Exporting Comments

LiveJournal provides an interface for exporting comments using an XML format that makes it easy for people to write utilities to use the information. A user is allowed to download comments for any journal they administrate.

Please read the LiveJournal Bot Policy page, which discusses more general rules on how to download information from our servers without getting yourself banned. Also please follow the directions contained in this guide.

In order to use the comment exporter, you will need to have a valid session cookie. This can be obtained with the sessiongenerate protocol mode or by posting login information to the login.bml page.

Comment Data Summary

maxid meta yes This element gives you an integer value of the maximum comment id currently available in the user's journal. This is the endpoint, inclusive.
comment id meta, body no The id of this particular comment.
comment posterid meta, body yes The id of the poster of this comment. This can only change from 0 (anonymous) to some non-zero number. It will never go the other way, nor will it change from some non-zero number to another non-zero number. Anonymous (0) is the default if no posterid is supplied.
comment state meta, body yes S = screened comment, D = deleted comment, A = active (visible) comment. If the state is not explicitly defined, it is assumed to be A.
comment jitemid body no Journal itemid this comment was posted in.
comment parentid body no 0 if this comment is top-level, else, it is the id of the comment this one was posted in response to. Top-level (0) is the default if no parentid is supplied.
usermap id meta no Poster id part of pair.
usermap user meta yes Username part of poster id + user pair. This can change if a user renames.
body body no The text of the comment.
subject body no The subject of the comment. This may not be present with every comment.
date body no The time this comment was posted at. This is in the W3C Date and Time format.
property body no The property tag has one attribute, name, that indicates the name of this property. The content of the tag is the value of that property.

Fetching Metadata

NOTE: Please cache metadata, but note that it does contain things that can change about a comment. You should follow these instructions to update your cache once in a while.

Comment metadata includes only information that is subject to change on a comment. It is a lightweight call that returns a small XML file that provides basic information on each comment posted in a journal. Step 1 of any export should look like this:

    GET /export_comments.bml?get=comment_meta&startid=0

After you have made the above request, you will get back a response that looks something like this:

    <?xml version="1.0" encoding='utf-8'?>
            <comment id='71' posterid='3' state='D' />
            <comment id='70' state='D' />
            <comment id='99' />
            <comment id='100' posterid='3' />
            <comment id='92' state='D' />
            <comment id='69' posterid='3' state='S' />
            <comment id='98' posterid='3' />
            <comment id='73' state='D' />
            <comment id='86' state='S' />
            <usermap id='6' user='test2' />
            <usermap id='3' user='test' />
            <usermap id='2' user='xb95' />

The first part is the actual comment metadata. Each row will contain the mutable information about a single comment. After this data is the list of users and their ids. These mappings will never change, so feel free to completely cache these.

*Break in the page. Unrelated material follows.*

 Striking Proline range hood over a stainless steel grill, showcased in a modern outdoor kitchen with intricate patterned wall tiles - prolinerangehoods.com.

You should also notice the maxid line. This shows you the maximum comment id that is in this user's journal. You should use this number to determine if you are done downloading or not. So, in pseudocode, you should use something like this to get metadata:

    sub gather_metadata
        get largest comment id known about from my cache
        GET /export_comments.bml?get=comment_meta&startid=maxid+1
        add results to metadata cache
        if maximum id returned is less than maxid returned, call gather_metadata again
    end sub

Downloading the Comments

WARNING: Comment body data is to be heavily cached. None of this data can change. Once you have downloaded a comment, you do not need to do so again.

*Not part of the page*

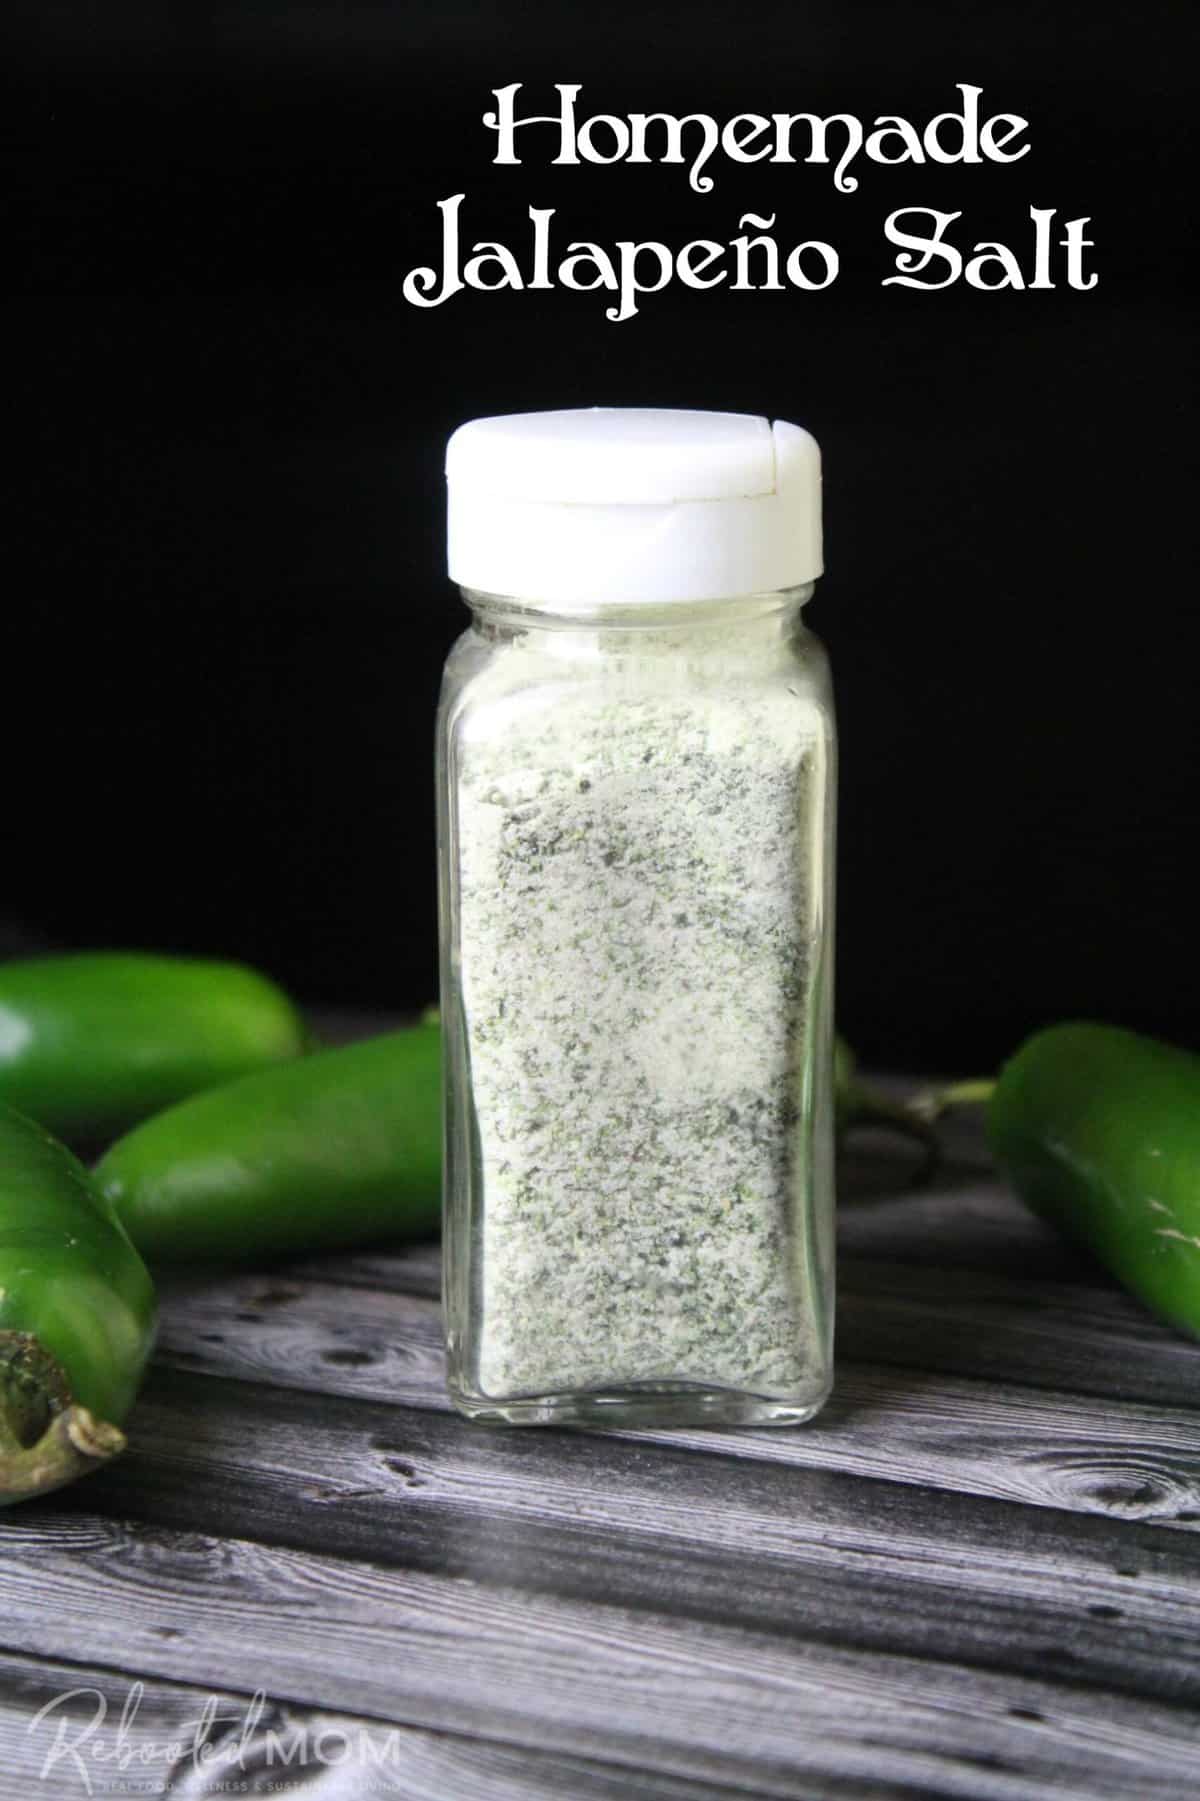  The aroma of freshly ground spices will fill your kitchen as you make this Jalapeno seasoning.

Once you have the entire list of metadata, you can begin downloading comments. The steps you will use are much the same as for getting metadata. Again, here is some pseudocode:

    sub download_comments
        get largest comment id we have fully downloaded
        GET /export_comments.bml?get=comment_body&startid=maxid+1
        add results to comment cache
        if maximum id returned is less than maxid in metadata cache, call download_comments again
        if nothing was returned, and startid+1000 < maxid from metadata, call download_comments again
    end sub

The resulting format each time you hit export_comments.bml will look like this:

    <?xml version="1.0" encoding='utf-8'?>
            <comment id='68' posterid='3' state='S' jitemid='34'>
            <body>we should all comment all day</body>
        <comment id='69' posterid='3' state='S' jitemid='34'>
            <body>commenting is fun</body>
        <comment id='99' jitemid='43' parentid='98'>
            <property name='poster_ip'></property>
        <comment id='100' posterid='3' jitemid='43' parentid='98'>

That concludes this brief tutorial on exporting comment data in an appropriate manner so as not to be overly hard on the LiveJournal servers. Thanks for your cooperation, and don't forget to read the Bot Policy page.